La ricetta dello stufato di cinghiale secondo la tradizione

La carne di cinghiale è una carne ricca di proteine, abbastanza magra, saporita che ben si presta a preparazione di piatti che richiedono lunghe cotture, che la rendono più morbida, come arrosti, spezzatini o ragù.

E’ preferibile sottoporre questa carne a lunga marinatura per eliminarne il forte sapore “selvatico” tipico di questo animale.

Perfetta se preparata in umido, o alla cacciatora o al vino rosso.Si tratta di una pietanza molto sostanziosa che si accompagna perfettamente alla polenta, al purè o patate al forno.
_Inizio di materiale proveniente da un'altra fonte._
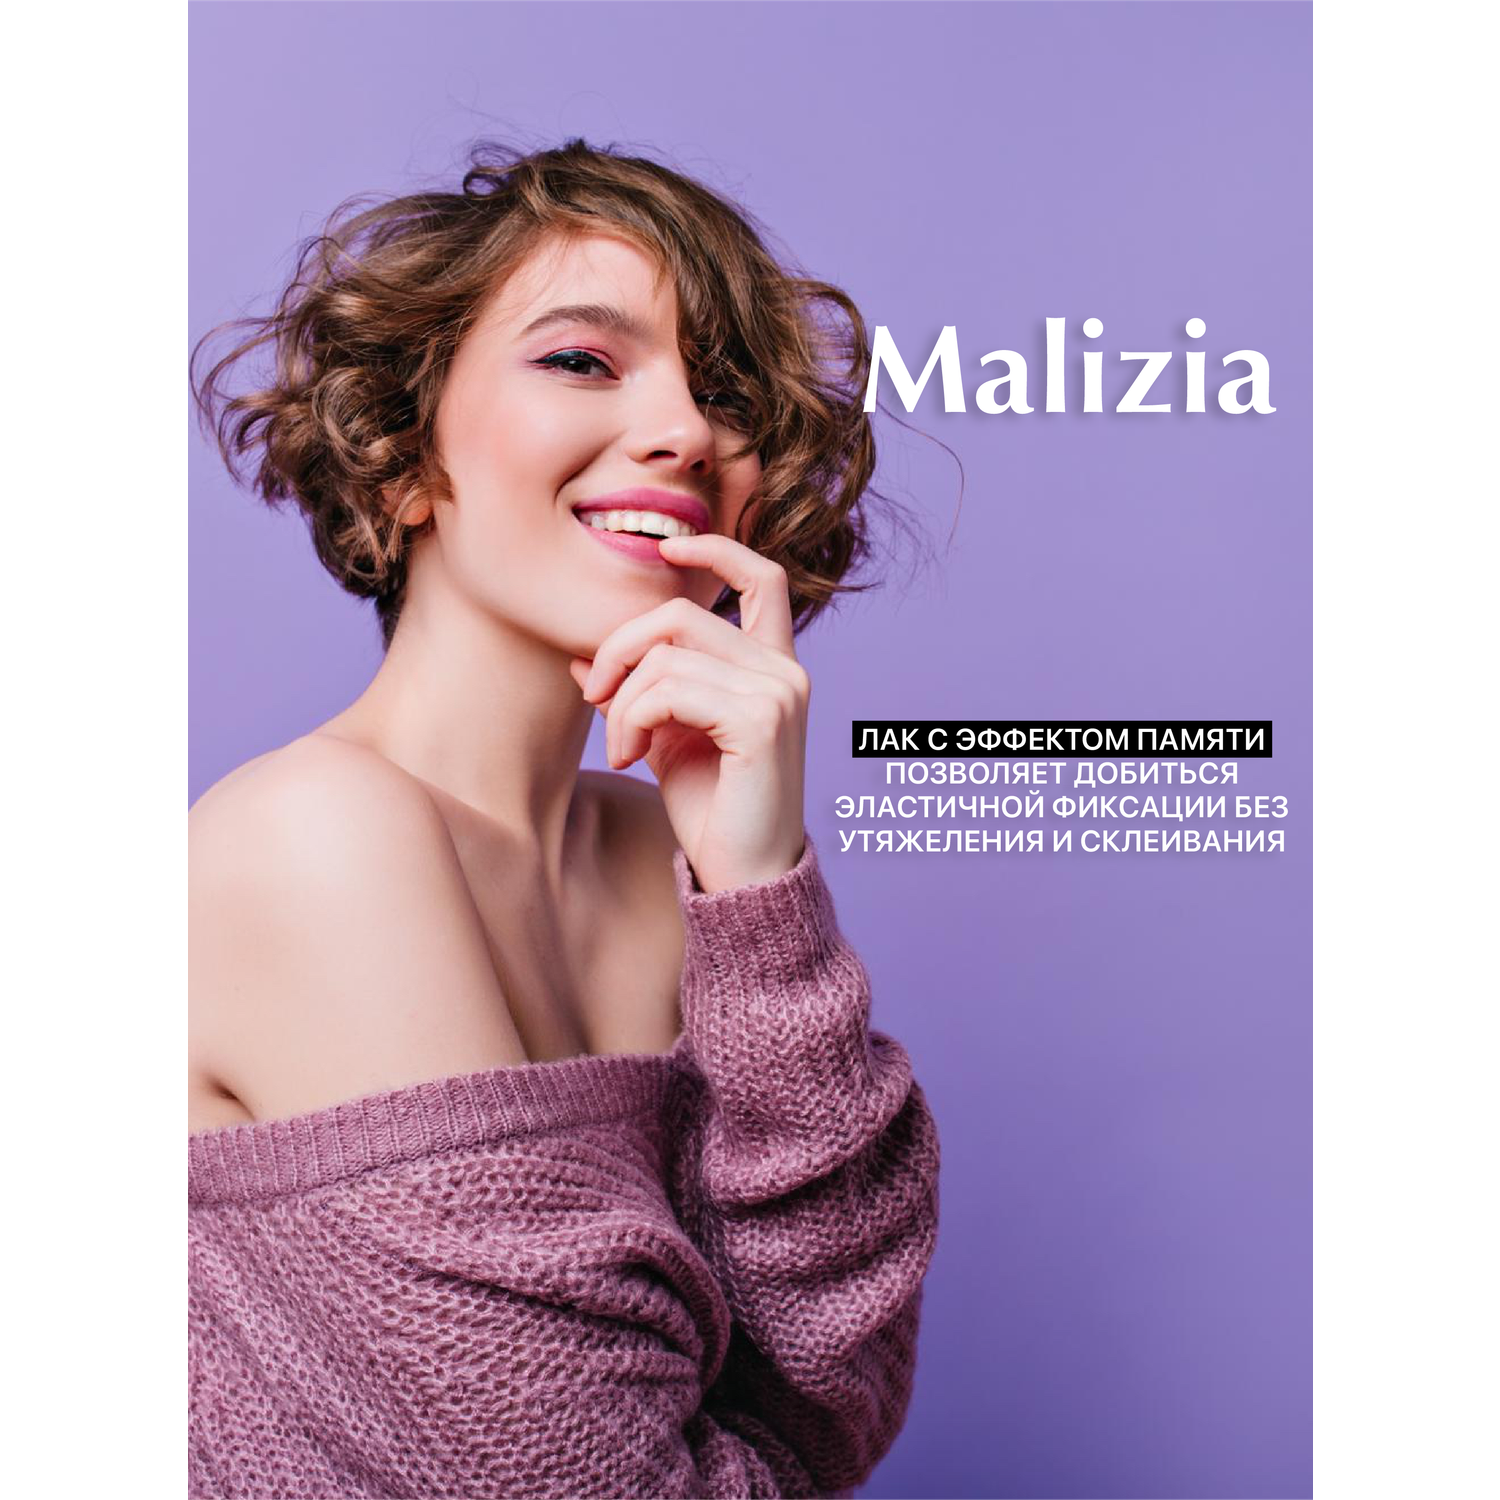 Лак для волос Malizia сильной фиксации с провитамином В5 75 мл - фото 4

La ricetta dello stufato di cinghiale secondo la tradizione, tipico piatto invernale, richiede i seguenti ingredienti: 1 kg di cinghiale, preferibilmente la coscia, 3 bicchieri di vino rosso, 1/2 litro di aceto di vino rosso, 100 gr di cipolla, 100 gr di pancetta, qualche foglia di salvia, qualche rametto di rosmarino, 1 costa di sedano, 2 bacche di ginepro, olio extra vergine di oliva, mezzo bicchiere di brodo vegetale per allungare la cottura, 3 cucchiai di salsa di pomodoro.

Per la preparazione: lavate bene il cinghiale tagliato a pezzi e mettetelo a macerare per una notte in una ciotola con 1 bicchiere di acqua fredda, 2 di vino rosso e 1 e mezzo di aceto, più un mazzo di aromi quali salvia, rosmarino e sedano.  Questo procedimento renderà la carne più morbida.

Il giorno dopo fate appassire in una casseruola, con un po' di olio, la cipolla, la pancetta a dadini e gli aromi. Fate rosolare il tutto e poi aggiungetevi i pezzi di cinghiale sgocciolati, fate rosolare ancora qualche minuto quindi aggiungete un altro bicchiere di vino; appena quest’ultimo sarà evaporato a fuoco forte unite la salsa di pomodoro, salate, pepate e  allungate con un bicchiere di brodo vegetale.

Fate cuocere per almeno 2 ore a fuoco dolce, aggiungendo, qualora si asciugasse troppo durante la cottura, altro brodo.